1/2 cup butter, softened
3/4 cup packed brown sugar
2 cups all purpose flour (I have also used whole wheat flour with success)
1 14-ounce can sweetened condensed milk
1 teaspoon vanilla extract
1/2 cup minature chocolate chips
1/2 cup walnuts (optional)
~14 ounces milk chocolate (not semi-sweet chocolate) dipping chocolate
~1 ounce baker’s white chocolate (optional)
- Cream the butter and brown sugar until fluffy
- Add the flour, sweetened condensed milk and vanilla and mix well
- Stir in chocolate chips and walnuts.
- Shape into little balls and place them on baking sheets or plates lined with wax paper. I typically make them slightly larger than bite-size, roughly 1 1/4″ in diameter.
- Refrigerate for an hour or until firm. Sometimes I will pull them out after a half hour and reroll them when they can better retain their shape.
- Melt the milk chocolate coating (I use a double broiler).
- Dip each ball in the coating and place back on wax paper. A dipping spoon makes this effort a lot easier! 🙂
- Refrigerate for 15 minutes until the coating sets.
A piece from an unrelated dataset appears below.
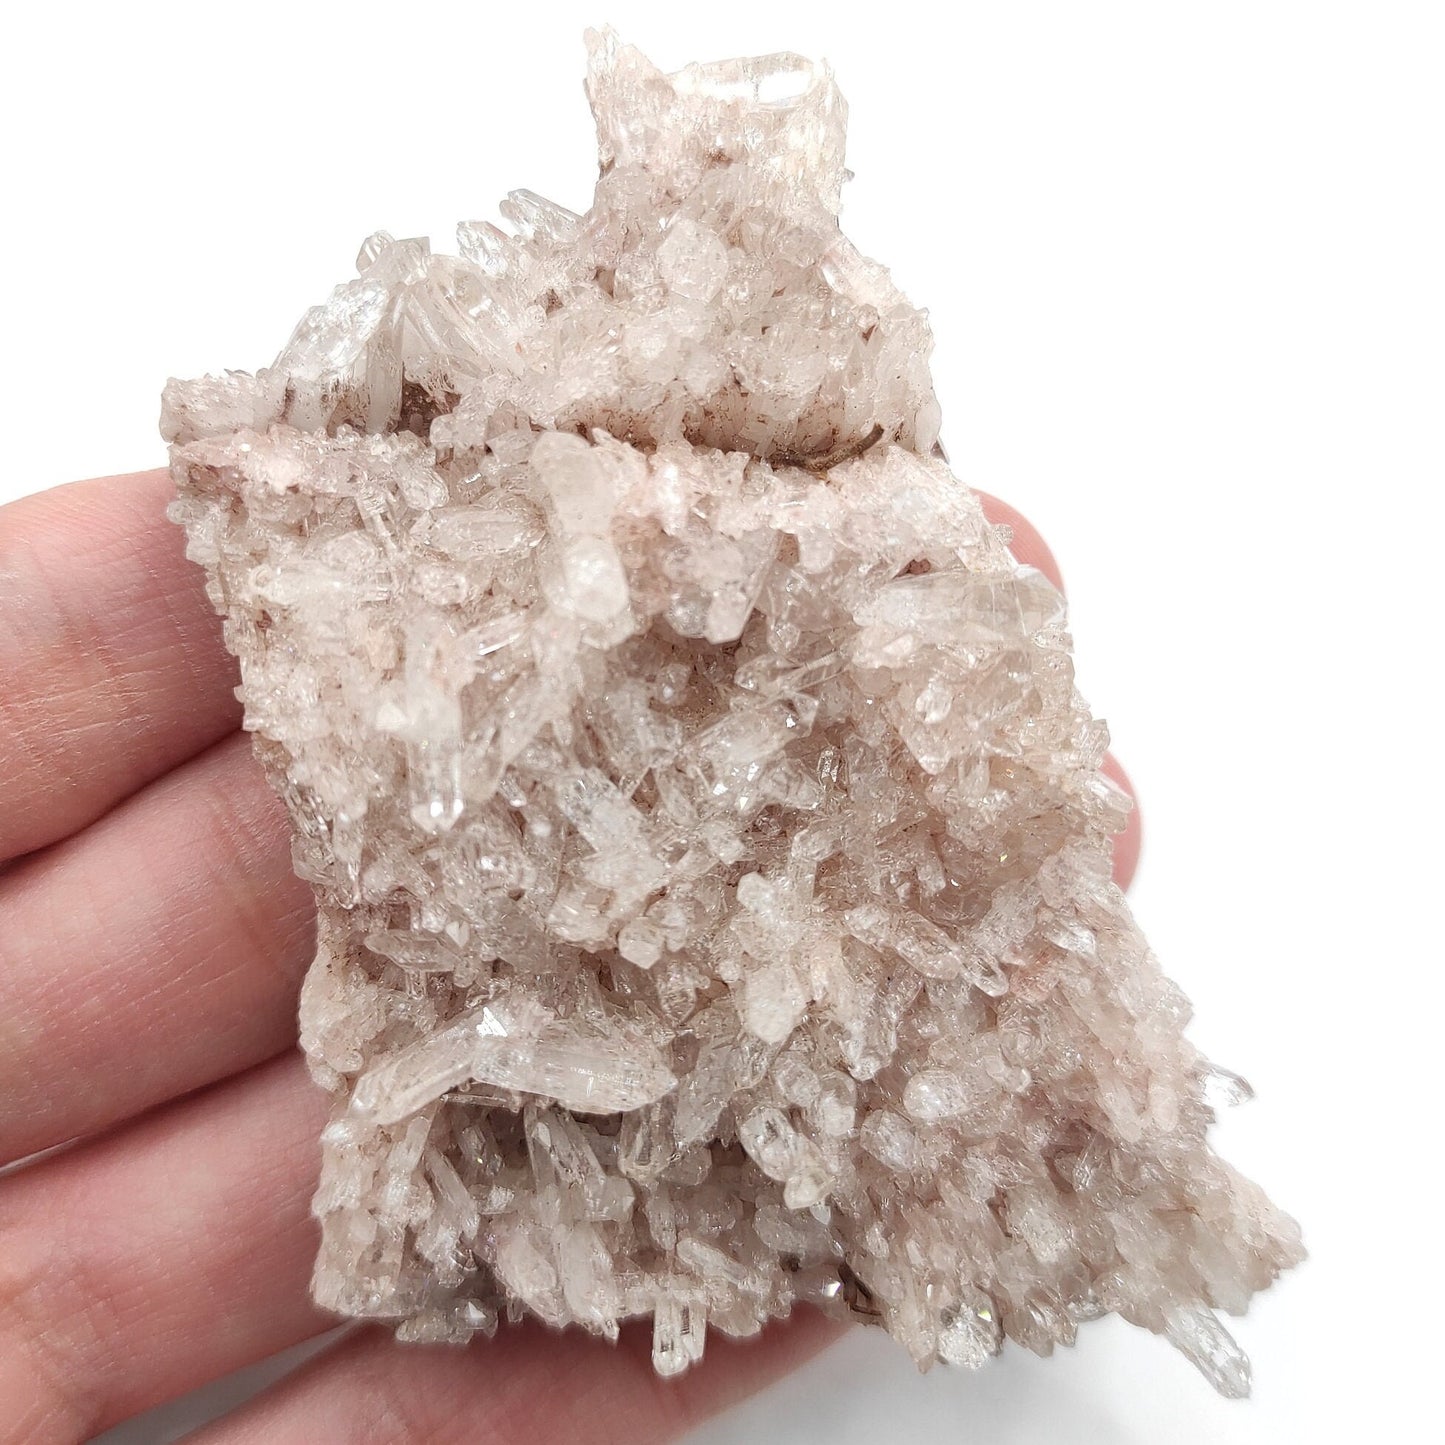 76g Natural Pink Lithium Coated Quartz Crystal - Bolivar, Santander, Colombia - Pink Quartz Cluster - Crystallized Quartz Mineral Specimen

- Place the white chocolate bars into a ziplock bag (ideally near a bottom corner of the bag) and microwave it for 15 seconds. If I don’t have white chocolate, I use extra milk chocolate for the garnish.
- Take scissors and and snip off a tiny, tiny, tiny piece of one of the bottom corners of the zip lock bag (ideally the corner closest to the melted chocolate). Looky here! An instant pastry bag!
- Drizzle the white chocolate over the truffles. I’ve found you don’t need many artistic skills for this step– anything tends to look neat.
- Place truffles back in the fridge for 5-10 more minutes until the white chocolate sets.